Package bigcscvreader
offers a multi-threaded approach for reading a large CSV file in order to improve the time of reading and processing it.
It spawns multiple goroutines, each reading a piece of the file.
Read rows are put into channels equal in number to the spawned goroutines, in this way also the processing of those rows can be parallelized.
$ go get -u github.com/actforgood/bigcsvreader
Please refer to this example.
go test -race -timeout=15m -benchmem -benchtime=2x -bench .
goos: darwin
goarch: amd64
pkg: github.com/actforgood/bigcsvreader
cpu: Intel(R) Core(TM) i7-7700HQ CPU @ 2.80GHz
Benchmark50000Rows_50Mb_withBigCsvReader-8 2 8101972370 ns/op 61740600 B/op 100267 allocs/op
Benchmark50000Rows_50Mb_withGoCsvReaderReadAll-8 2 67070393110 ns/op 68507768 B/op 100043 allocs/op
Benchmark50000Rows_50Mb_withGoCsvReaderReadOneByOneAndReuseRecord-8 2 69045793069 ns/op 57606112 B/op 50018 allocs/op
Benchmark50000Rows_50Mb_withGoCsvReaderReadOneByOneProcessParalell-8 2 8286623971 ns/op 61607272 B/op 100037 allocs/op
Benchmarks are made with a file of ~50Mb
in size, also a fake processing of any given row of 1ms
was taken into consideration.
bigcsvreader was launched with 8
goroutines.
Other benchmarks are made using directly the encoding/csv
go package.
As you can see, bigcsvreader reads and processes all rows in ~8s
.
Go standard csv package reads and processes all rows in ~67s
(sequentially).
Go standard csv package read and a parallel processing of rows timing is comparable to the one of bigcsvreader (so this strategy is a good alternative to this package).
ReadAll
API has the disadvantage of keeping all rows into memory.
Read
rows one by one API with ReuseRecord
flag set has the advantage of fewer allocations, but has the cost of sequentially reading rows.

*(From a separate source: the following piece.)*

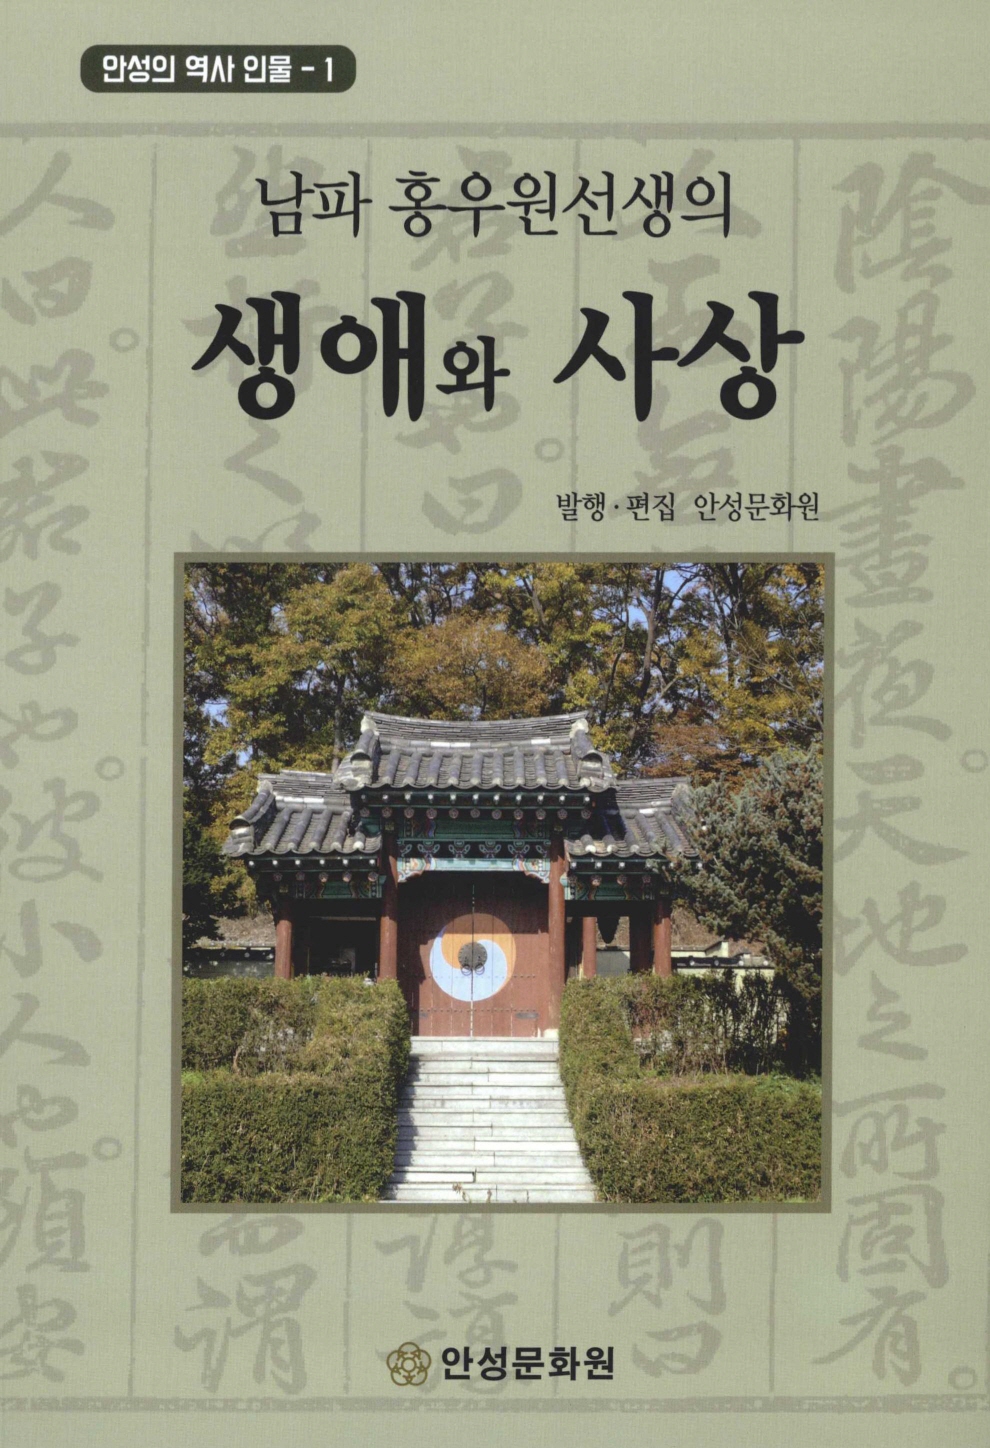 안성의 역사 인물 1 남파 홍우원선생의 생애와 사상

Note: It's a coincidence that parallelized version timing was ~equal to sequential timing divided by no of started goroutines. You should not take this as a rule.
Bellow are some process stats captured with unix TOP
command while running each benchmark.
Bench | %CPU | MEM |
---|---|---|
Benchmark50000Rows_50Mb_withBigCsvReader | 21.6 | 8156K |
Benchmark50000Rows_50Mb_withGoCsvReaderReadAll | 5.3 | 67M |
Benchmark50000Rows_50Mb_withGoCsvReaderReadOneByOneAndReuseRecord | 10.1 | 5704K |
(!) Known issue: This package does not work as expected with multiline columns.
This package is released under a MIT license. See LICENSE.